MUSICA › A TREINTA AÑOS DE LA MUERTE DE PRESLEY

Elvis o el mito de la celebración permanente

El Rey es objeto de múltiples homenajes. Su figura es inmune al paso del tiempo.

 Por Fernando D´addario

A los 72 años, Elvis Presley está pasando por el mejor momento de su carrera. La salud va y viene, lo que importa es la plata: su mansión de Graceland, donde vivió tantas penurias, reporta 40 millones anuales de ganancia; la empresa Elvis Presley Enterprises, ahora controlada por CKX Inc., ha diversificado a tal punto el imperio construido a partir de su imagen que el cantante ya ni necesita cantar. Hay jueguitos para la computadora que mejoran su performance escénica, pins y remeras que lo llevan de aquí para allá en todo el mundo, un ejército de clones que pagan para imitar sus monerías. Casi se diría que no hace falta que se mueva de donde está para que ratifique indefinidamente su status de Rey. Sólo hay un dato que amenaza con evaporar ese estado de gracia: dicen que Elvis está viviendo en el oeste del conurbano bonaerense, con un nombre de fantasía (John Burrows, según una investigación del argentino Jerónimo Burgués) y un semblante que se parece a una de las fotos que ilustran esta página. ¡Con las islas paradisíacas que hay en el Pacífico!

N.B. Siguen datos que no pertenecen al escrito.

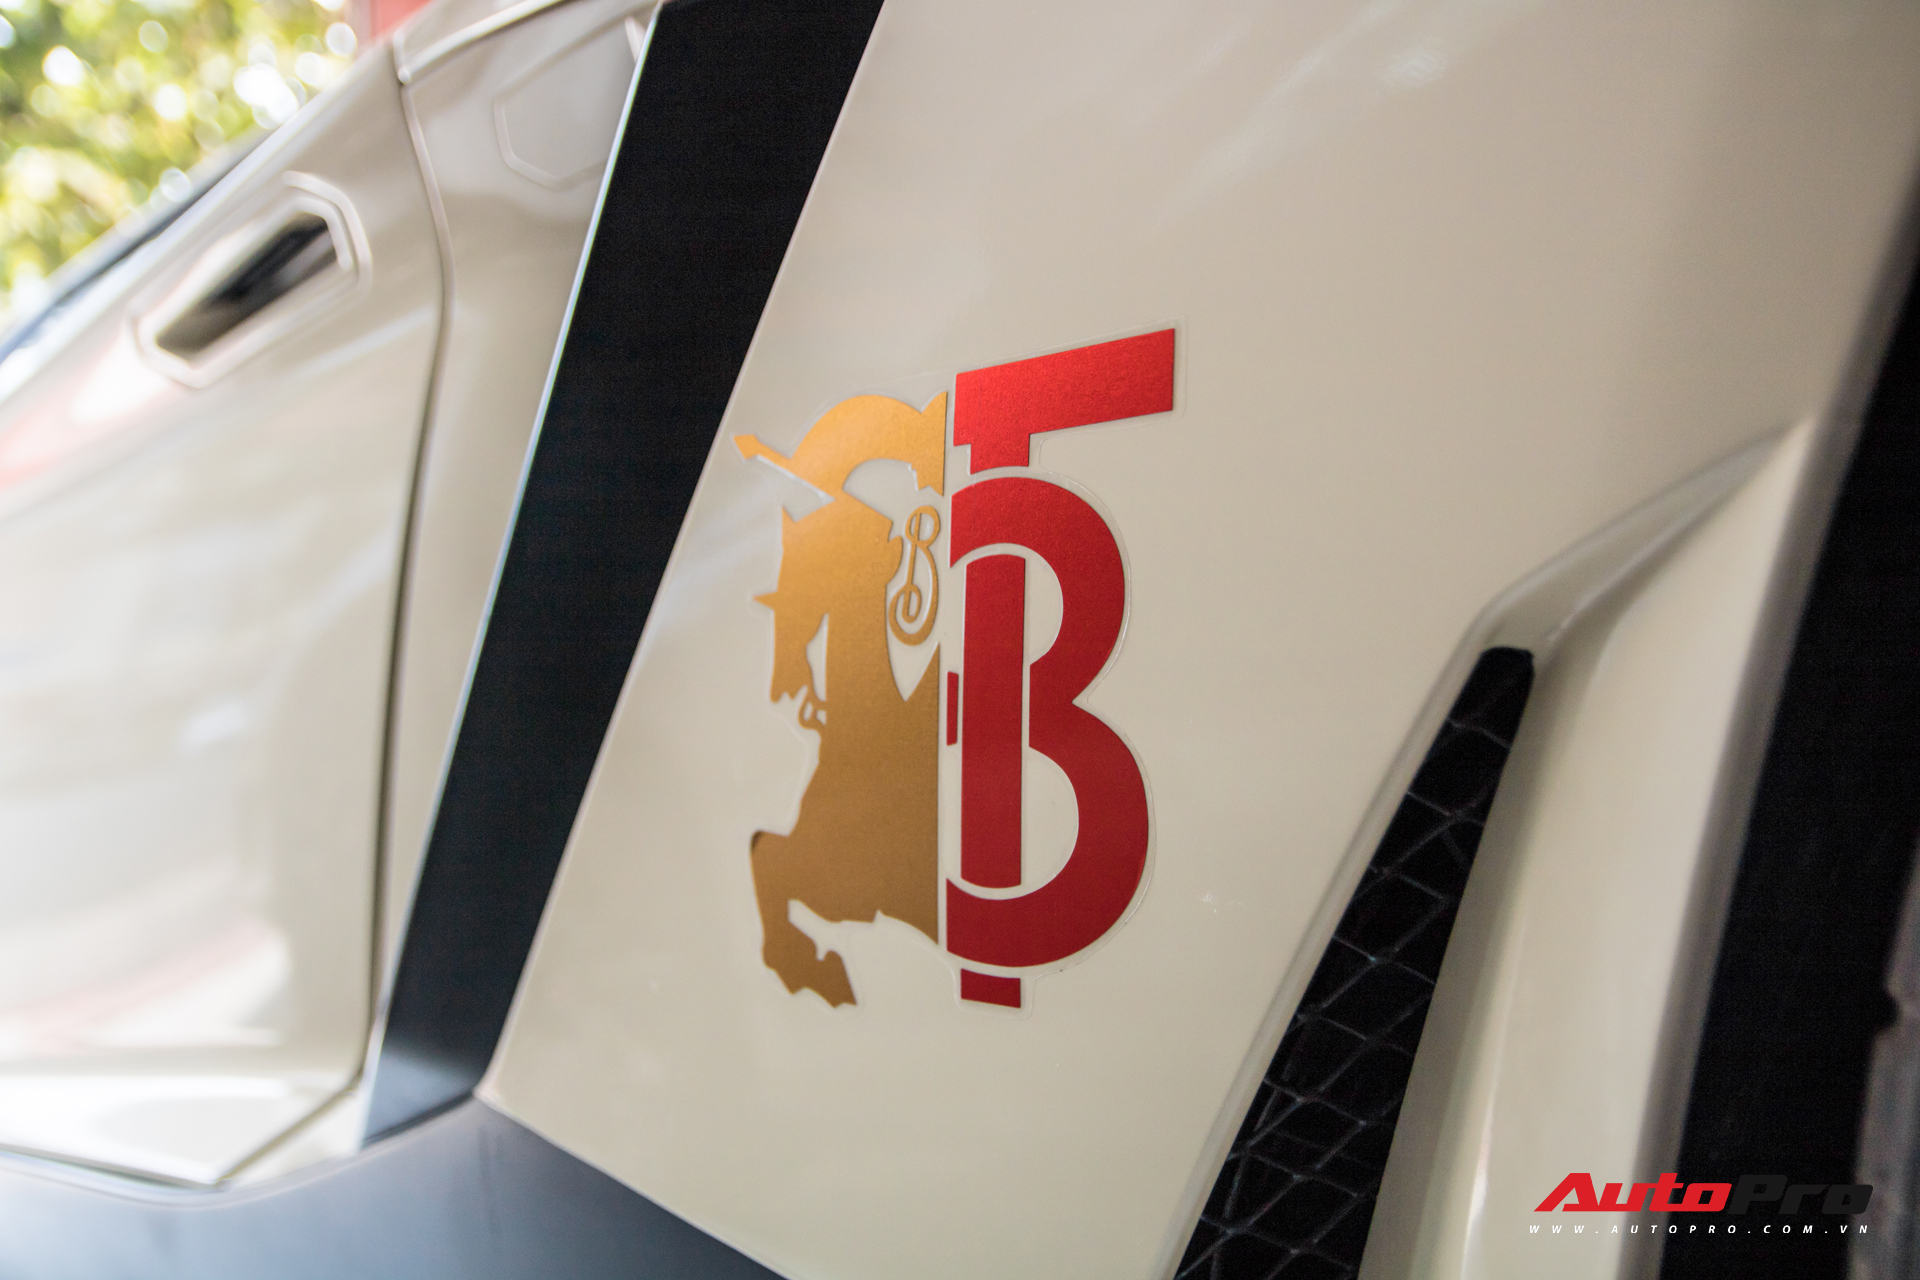 Đại gia Bạc Liêu tiếp tục lột xác Lamborghini Aventador độ phiên bản kỷ niệm 50 năm theo phong cách hãng thời trang đình đám - Ảnh 7.

Pero más allá de sus correrías por los andenes del ferrocarril Sarmiento y de sus apariciones de incógnito en la tribuna de Ituzaingó, sigue siendo el mismo Elvis de siempre. Podrán corroborarlo aquellos que hurguen con malicia en los perfiles periodísticos de Presley escritos en 2002 (por entonces el Rey tenía 67 años), en 1997 (62 años) y en 1992 (apenas 57 años, estaba hecho un pibe). Un puñado de detalles nimios pretenden marcar la diferencia entre unos y otros. Por ejemplo, esta vez se ha legitimado en el corazón del imperio (Graceland) una práctica hasta ahora desregulada, ejercida por fanáticos, buscavidas y farabutes de todo tipo: desde hace una semana, dos docenas de imitadores de Presley en trajes de lentejuelas y camperas de los años 50 se vienen subiendo a un escenario de Menphis en la final de un torneo que dará un título honorífico, válido hasta 2012: “Máximo Artista Tributo a Elvis”.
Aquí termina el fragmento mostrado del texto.